I would like to make the curve color uniform on all its lenght instead, but the color should change dynamically while we slide a Manipulate slider. Secondly, the colors should be from the "Rainbow" color palette, going from "deep red" when the T parameter (temperature) takes its lowest value, and the color should gradually change to the "deep purple" color when T takes its highest value.

Here's a MWE example that shows the idea, using a simple variation of color linked to the temperature (I hope the idea is clear) :

color[T_] := RGBColor[1 (10 - T)/(10 - 1), 0, 1 (T - 1)/(10 - 1)]

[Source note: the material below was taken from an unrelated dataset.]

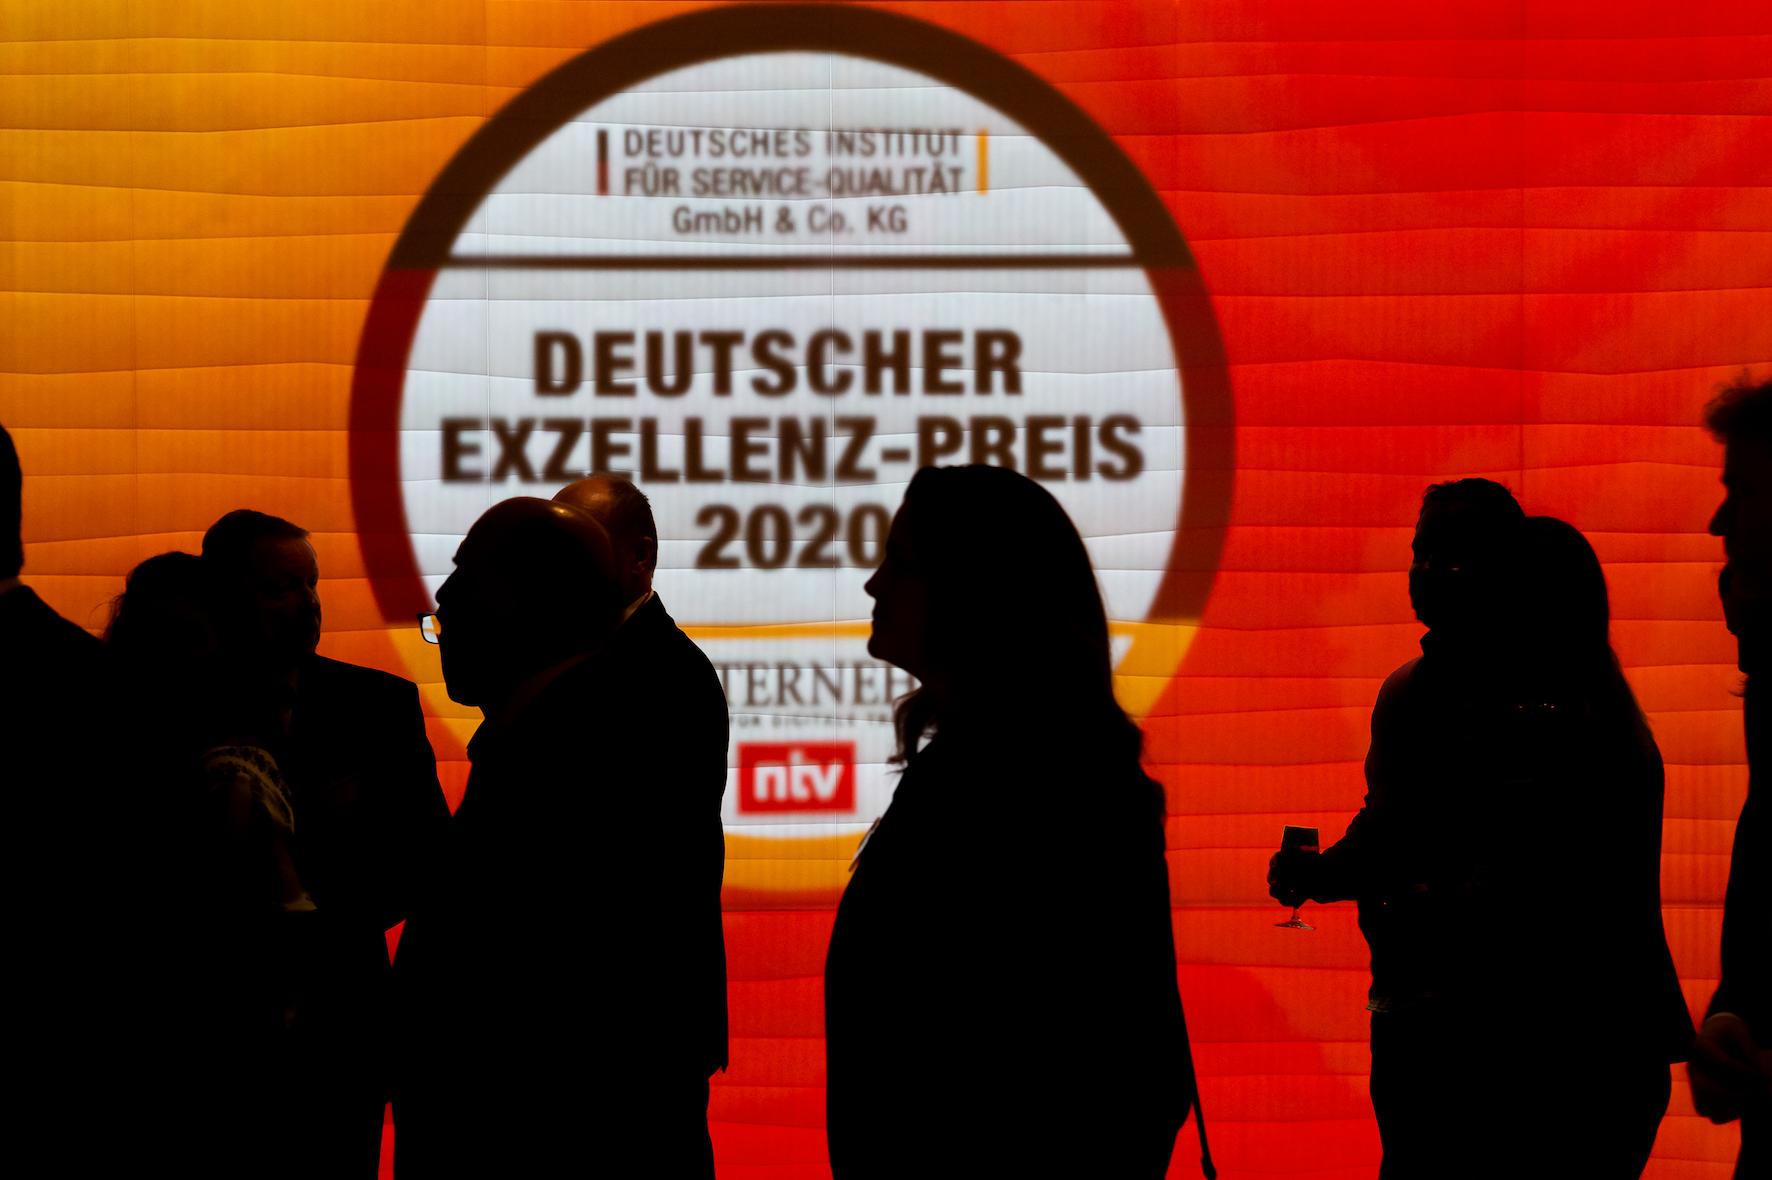 Deutscher Exzellenz-Preis 2020 Logo

Planck[T_, colorparameter_] := Plot[
    (1/lambda)^5/(Exp[100/(T lambda)] - 1),
    {lambda, 0, 10},
    PlotPoints -> Automatic,
    PlotRange -> All,
    PlotStyle -> Directive[Thick, colorparameter],
    PerformanceGoal -> "Quality"
]

Manipulate[
    Show[
        {Planck[T, color[T]]},
        PlotRange -> All,
        AspectRatio -> 1,
        Frame -> True,
        ImageSize -> {400, 400}
    ],
{
    {T, 5, Style["T ( K ) ", 10]},
    1, 10, 0.1,
    ImageSize -> Large
},
ControlPlacement -> Bottom
]

Currently, the function color[T_] is not the proper one. It should be changed to something that uses the "Rainbow" palette.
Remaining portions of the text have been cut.